- _Assignment_
Return the data exactly, with all pictures removed.

**** Information provided

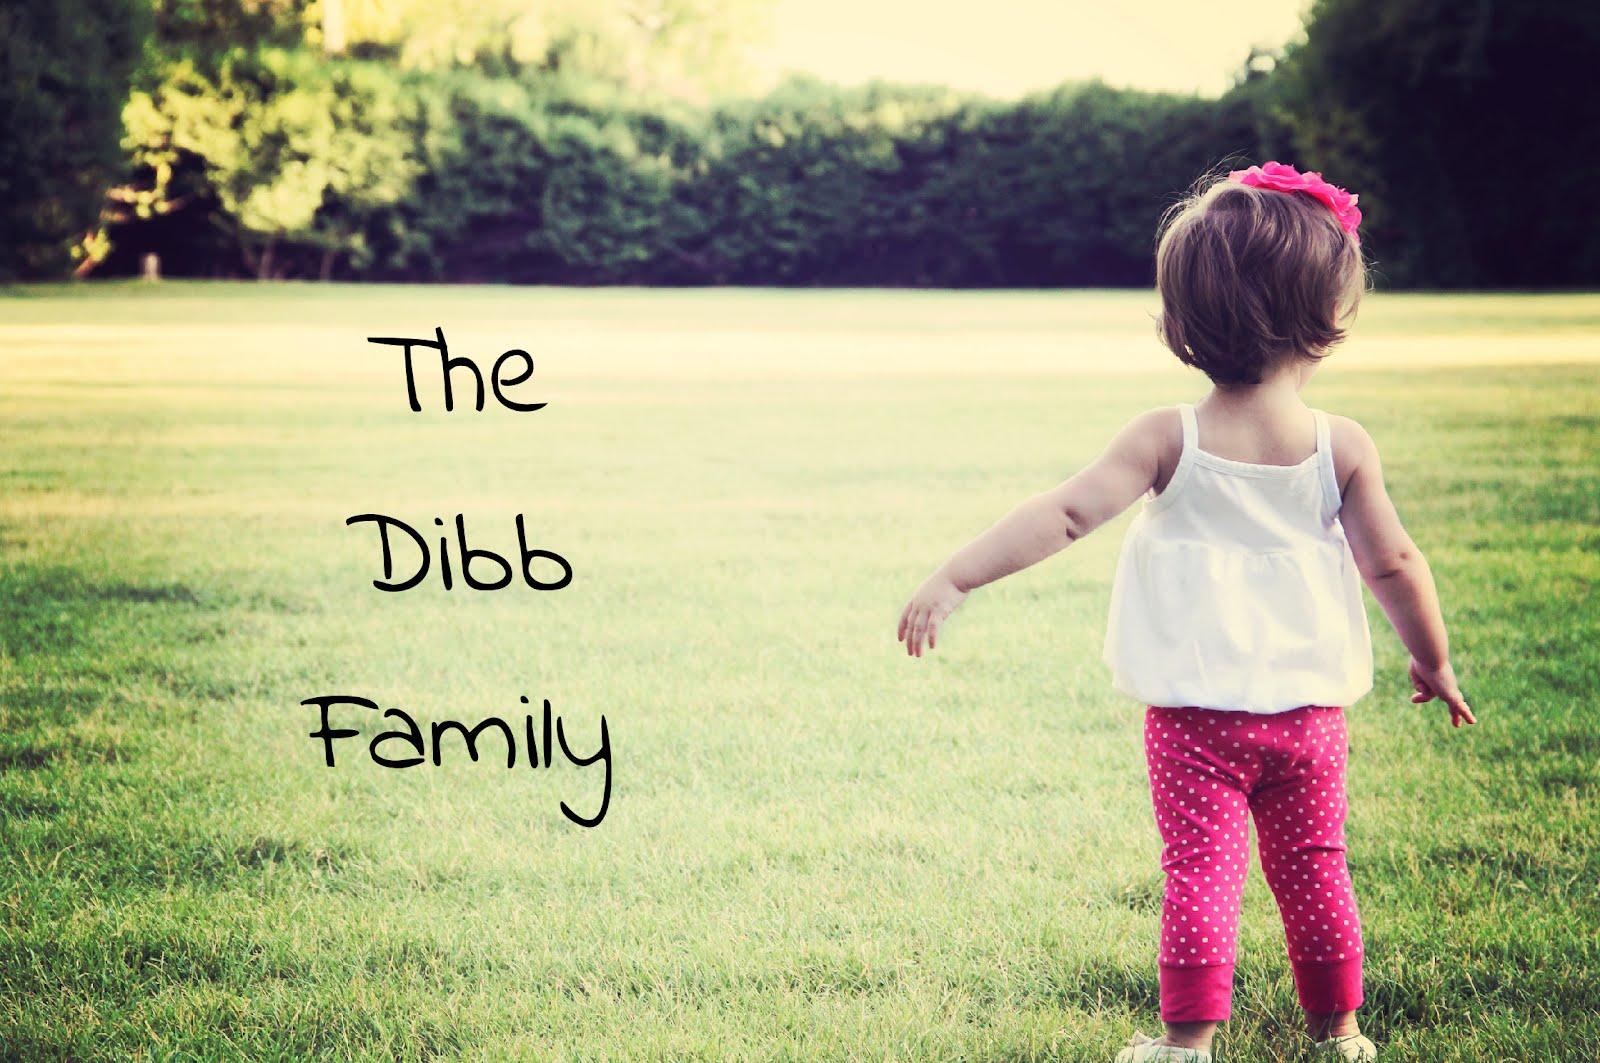 Dibb and Britt
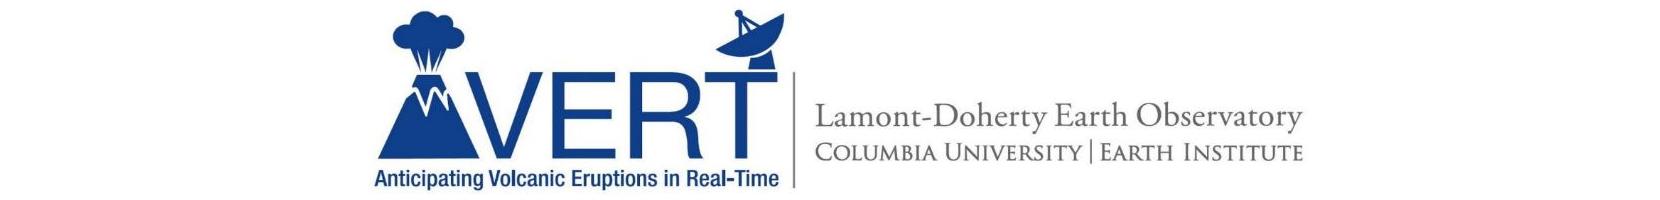 Lamont-Doherty Earth Observatory of Columbia University logo
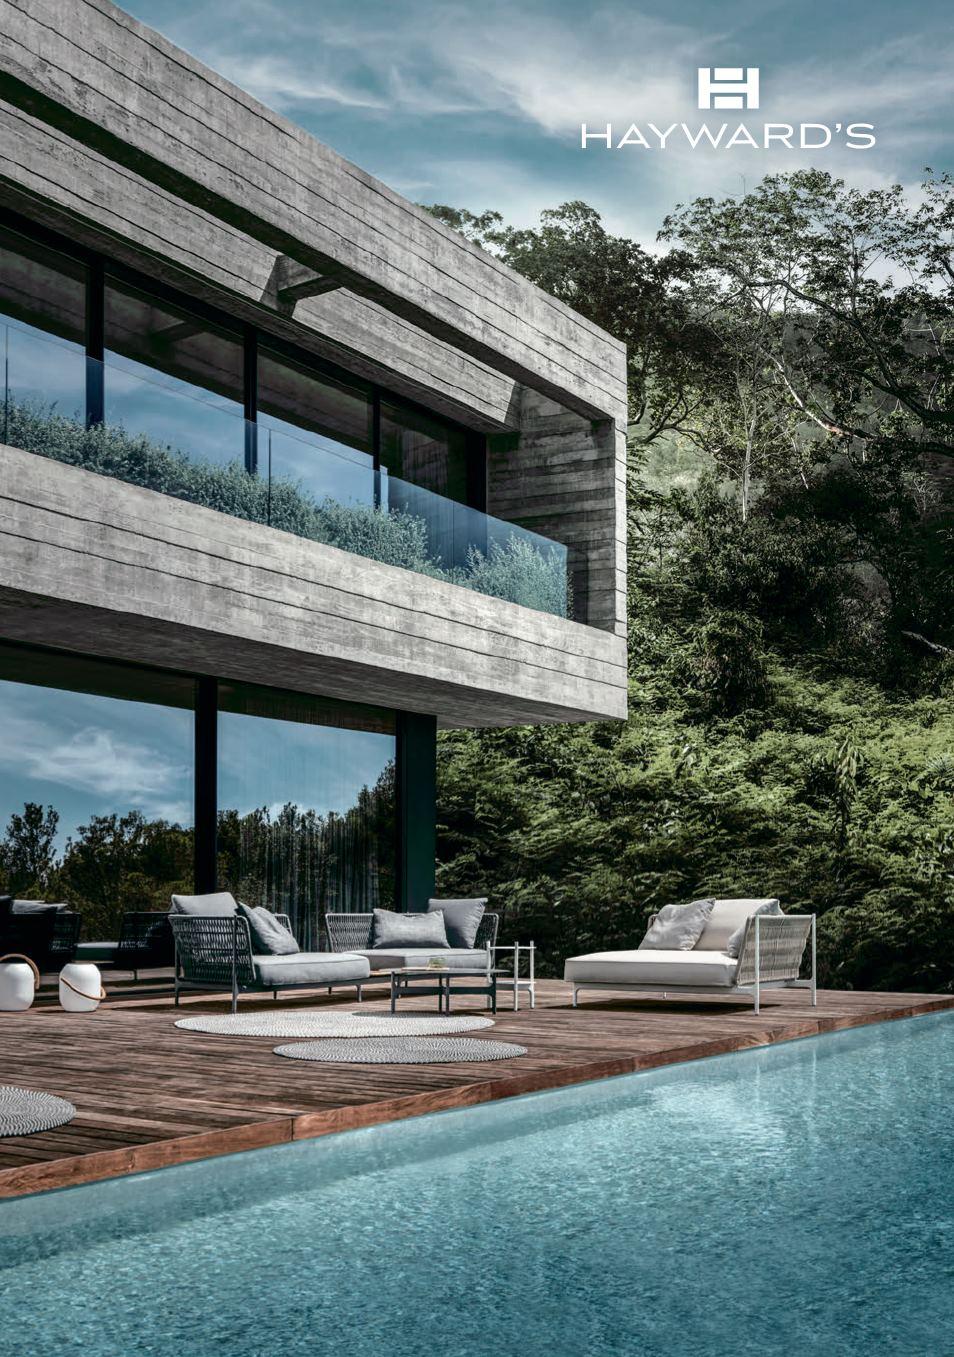 Haywards Patio Furniture Santa Barbara. Of Outdoor Furniture And  Accessories Between Los Angeles San Francisco
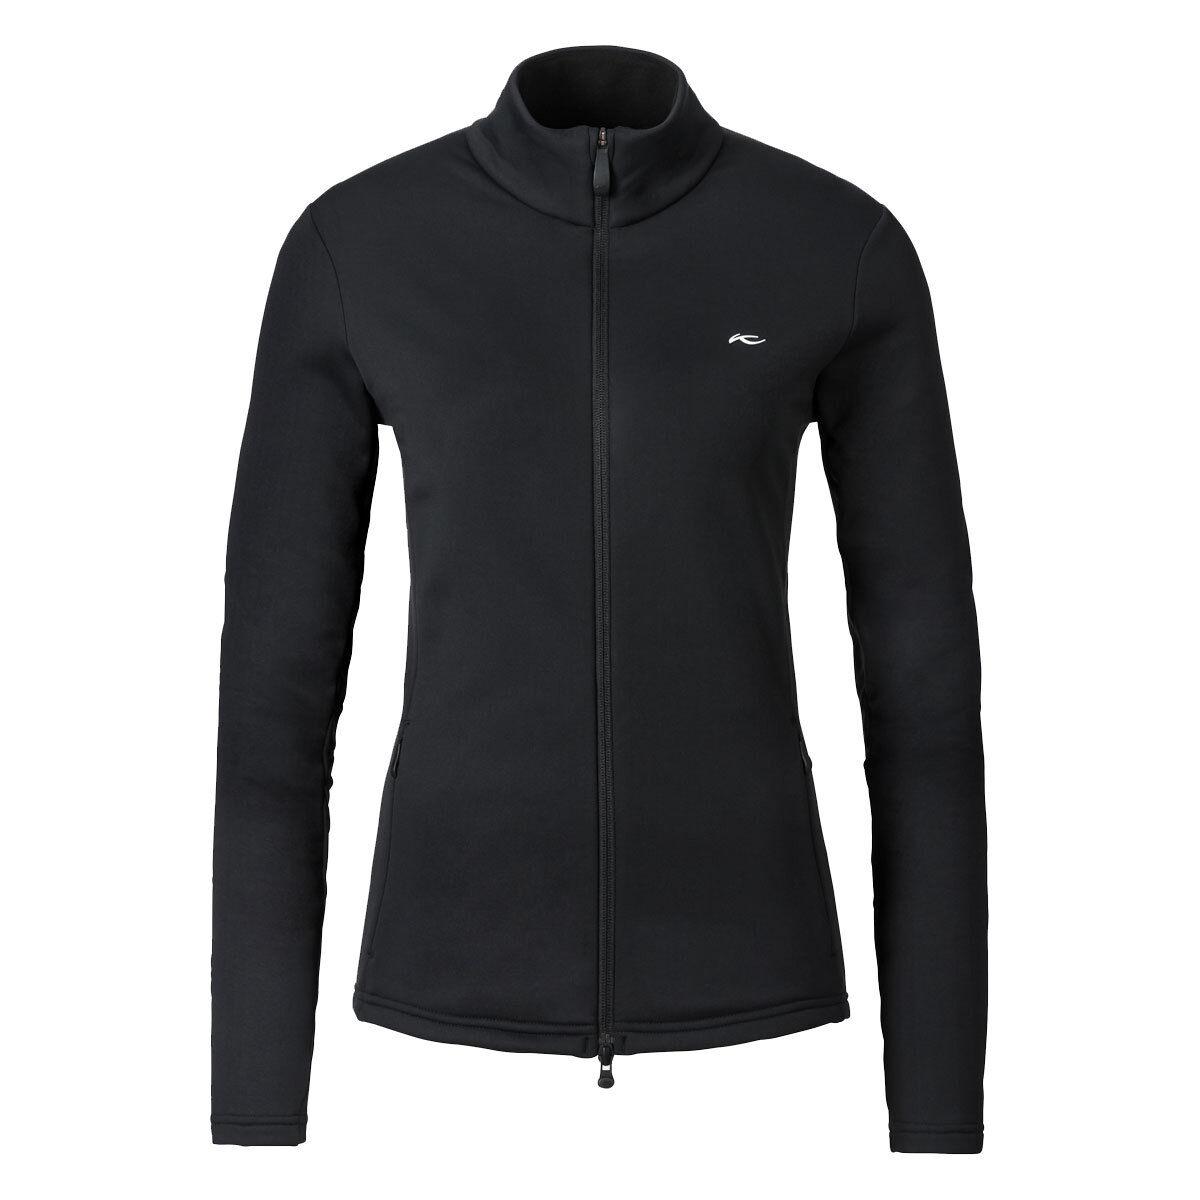 KJUS Damen Fleecejacke Midlayer Calienta Jacket MS25-A03 schwarz

********

- _Exercise answer_
 Dibb and Britt
 Lamont-Doherty Earth Observatory of Columbia University logo
 Haywards Patio Furniture Santa Barbara. Of Outdoor Furniture And  Accessories Between Los Angeles San Francisco
 KJUS Damen Fleecejacke Midlayer Calienta Jacket MS25-A03 schwarz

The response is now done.